All scripts to build, verify and benchmark the images are in this repository. The path of least resistance (or effort) has been chosen to build the images, JVM and native one, following the official instructions.

All tests have been conducted with apib: API Bench using the following options:

apib -c20 -d60 http://localhost:$EXPOSED_PORT/api/movies

The application was connected against a Neo4j container running on the same host: The Neo4j container has been shutdown and restarted between each benchmark run.

apib fully supports HTTP 1.1 including keep-alives and chunked encoding. Apache Bench cannot reliable benchmark the reactive infrastructure without it.
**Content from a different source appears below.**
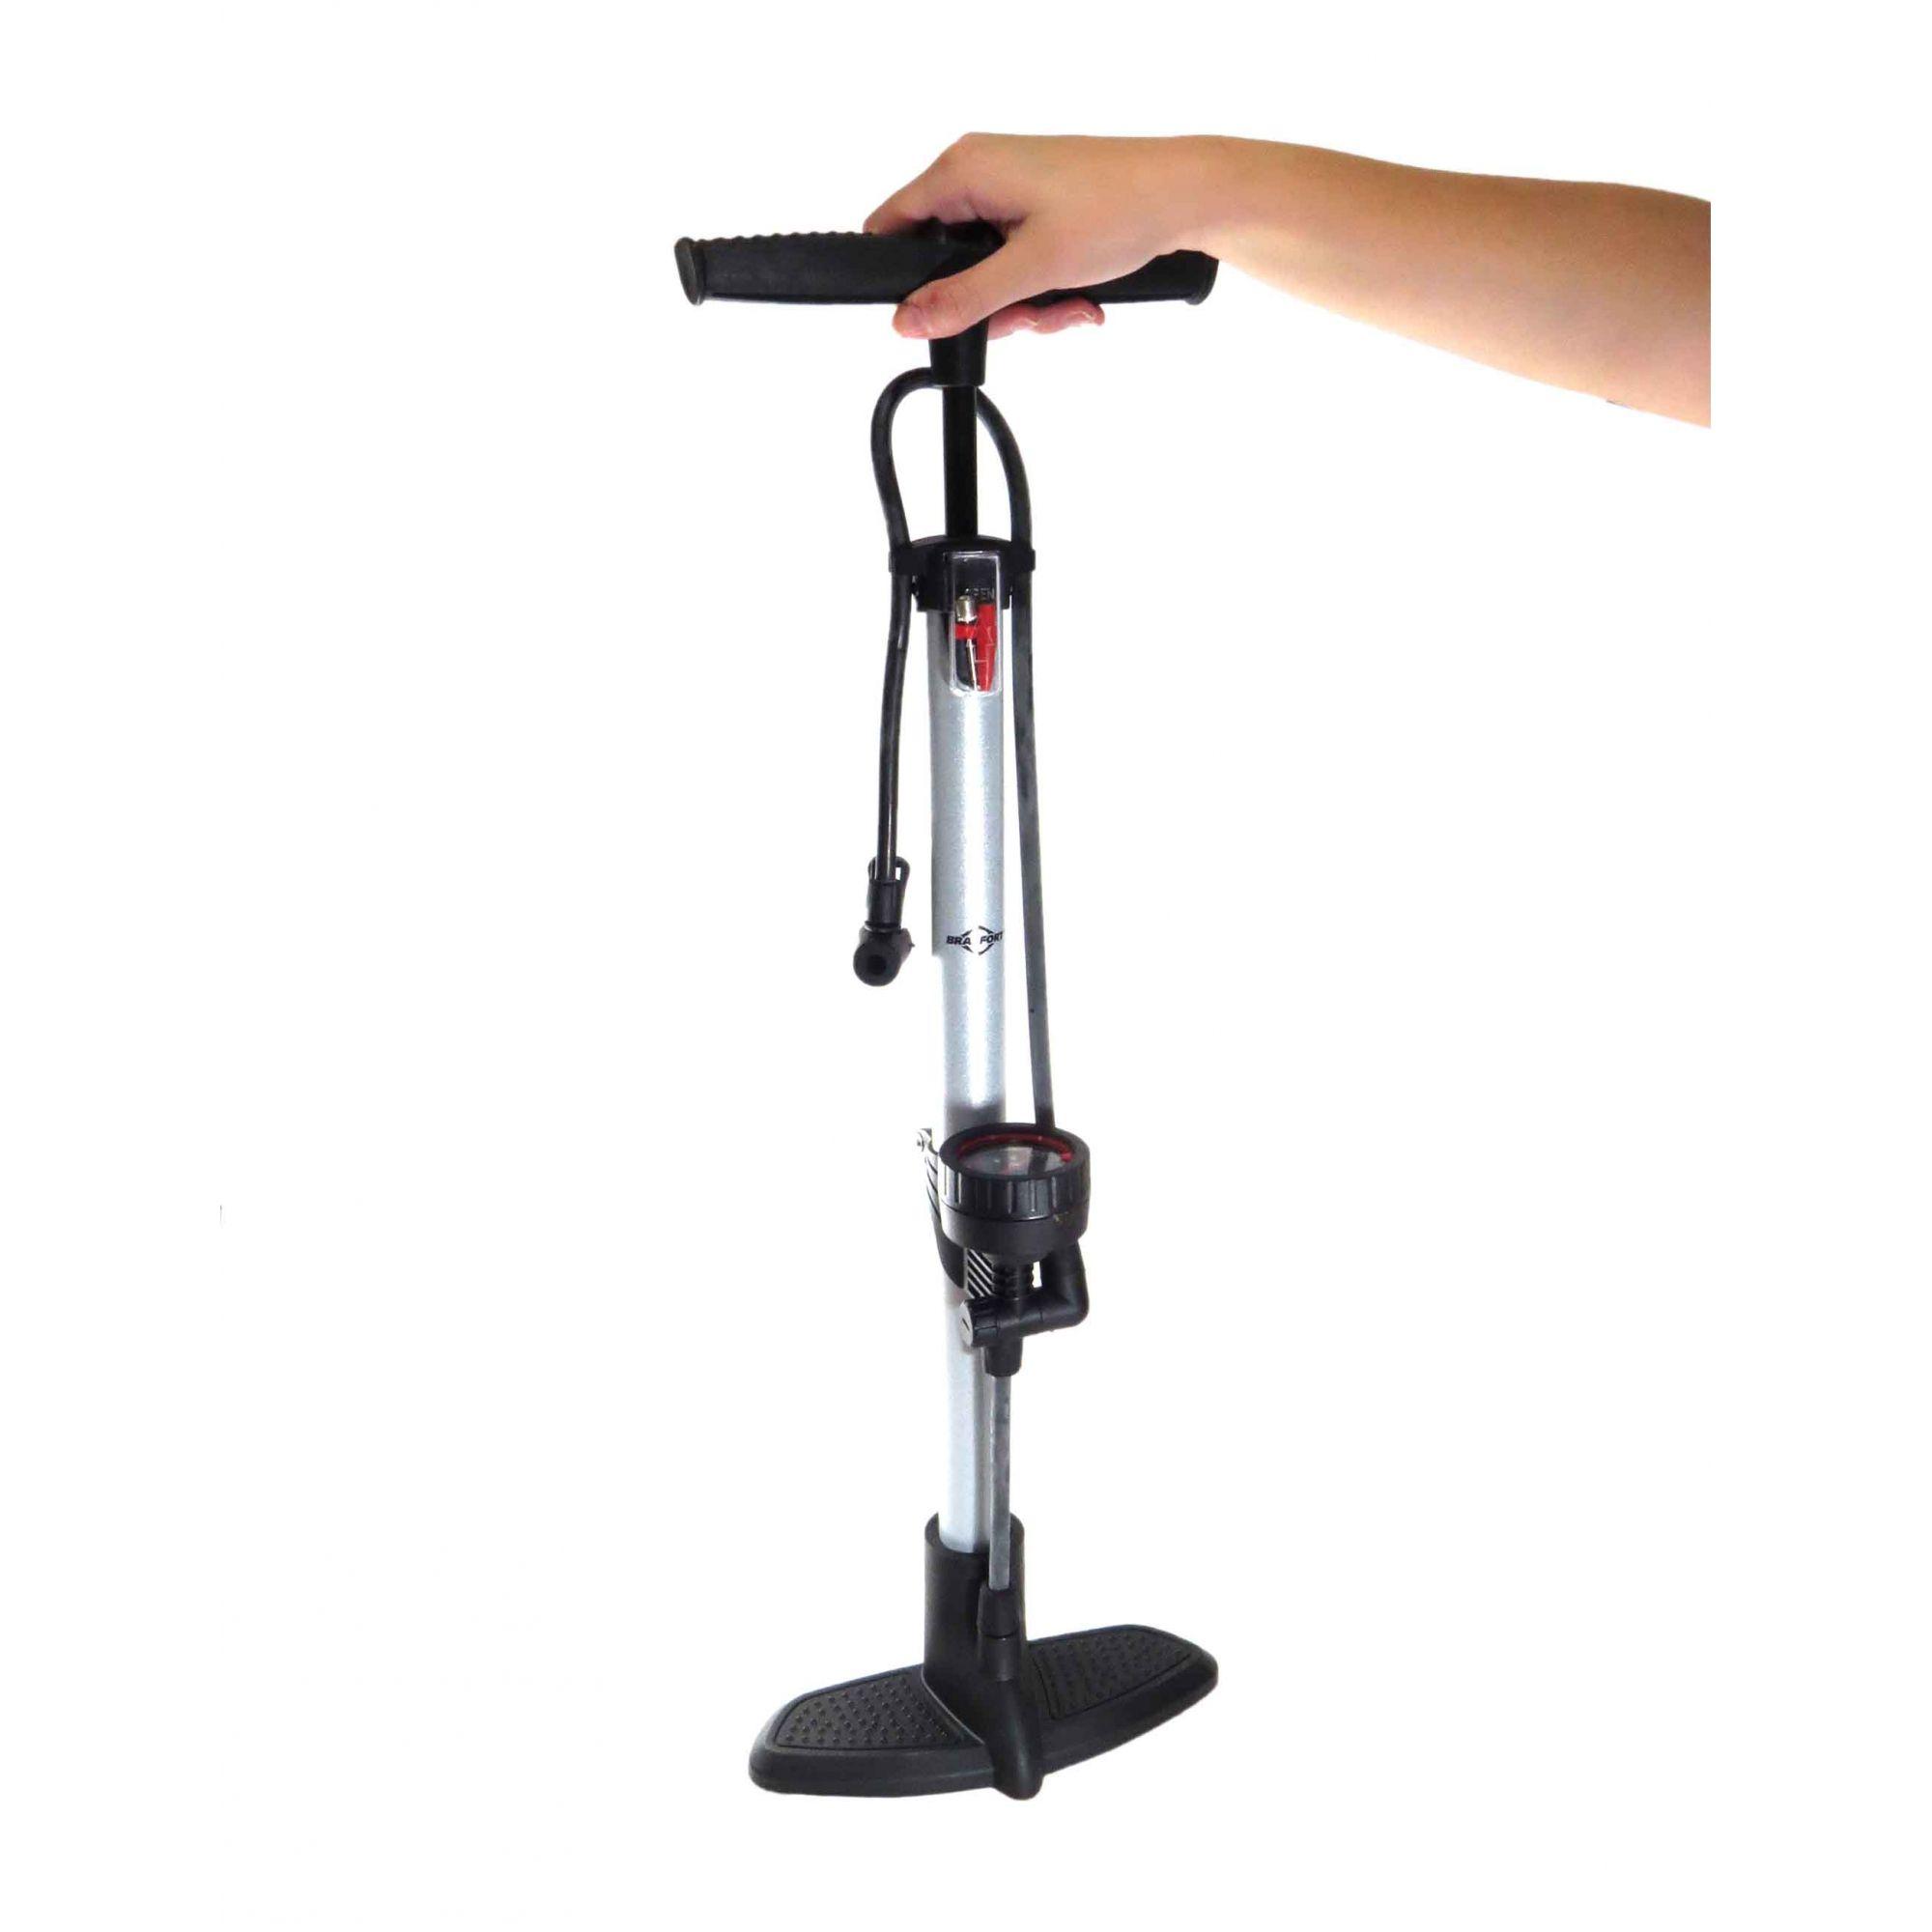 Jogo Bicicleta Bomba de Ar Manual Chave de Boca Capa E Trava

Time to readiness is the time from container start until the container reports UP in a GET /management/health/readiness.

Table 1. Some numbers

Framework	Image size	Time to healthy	Memory usage (before)	Throughput	Average latency	Memory usage (after )
helidon-se-reactive	231.0MB	0m2.016s🥉	148.1MiB	885.052 requests/second	25.628 milliseconds	788.3MiB
helidon-se-reactive-native	33.6MB🥇	0m0.676s🥈	60.73MiB🥉	729.026 requests/second	32.379 milliseconds	853.7MiB
micronaut-imperative	362.0MB	0m2.581s	169.9MiB	1006.241 requests/second	19.904 milliseconds🥈	799.7MiB
micronaut-reactive	362.0MB	0m2.579s	172.00MiB	147.376 requests/second	135.795 milliseconds	693.0MiB
micronaut-reactive-native	91.2MB🥈	0m0.594s🥇	68.30MiB	135.618 requests/second	147.520 milliseconds	962.3MiB
quarkus-imperative	464.0MB	0m4.283s	103.8MiB	1095.802 requests/second🥉	18.272 milliseconds🥇	666.6MiB
quarkus-imperative-native	150.0MB	0m3.316s	26.09MiB🥇	996.390 requests/second	20.096 milliseconds🥉	699.3MiB
quarkus-ogm	467.0MB	0m4.335s	111.7MiB	622.312 requests/second	32.175 milliseconds	908.1MiB
quarkus-reactive	466.0MB	0m4.411s	117.0MiB	487.273 requests/second	41.087 milliseconds	665.8MiB
quarkus-reactive-native	151.0MB	0m3.353s	26.42MiB🥈	446.196 requests/second	44.868 milliseconds	650.8MiB
spring-boot23-with-sdn-ogm	290.0MB	0m4.719s	197.40MiB	49.789 requests/second	400.856 milliseconds	411.4MiB🥇
spring-boot24-with-sdn-ogm	286.0MB	0m4.843s	206.10MiB	42.680 requests/second	468.021 milliseconds	610.5MiB
spring-data-imperative	300.0MB	0m6.105s	236.90MiB	709.336 requests/second	28.226 milliseconds	797.1MiB
spring-data-imperative-native	134.0MB🥉	0m3.462s	71.08MiB	605.255 requests/second	33.078 milliseconds	722.0MiB
spring-data-reactive	302.0MB	0m6.268s	241.50MiB	673.214 requests/second	29.762 milliseconds	738MiB
spring-plain-imperative	297.0MB	0m6.066s	197.80MiB	1258.016 requests/second🥈	15.917 milliseconds	414.6MiB🥈
spring-plain-reactive	299.0MB	0m5.945s	253.40Mi B	1272.513 requests/second🥇	15.738 milliseconds	588.4MiB🥉

Numbers taken on a MacBook Pro with 2.4Ghz Intel Core i9 and 32 GB Ram. Docker set to use at Max 8 "CPUs" and 8GiB memory in total. The numbers for quarkus-ogm reflect the state prior to commit 7e74c8e1c373cb72715a2e095b15f1c95b9d109f.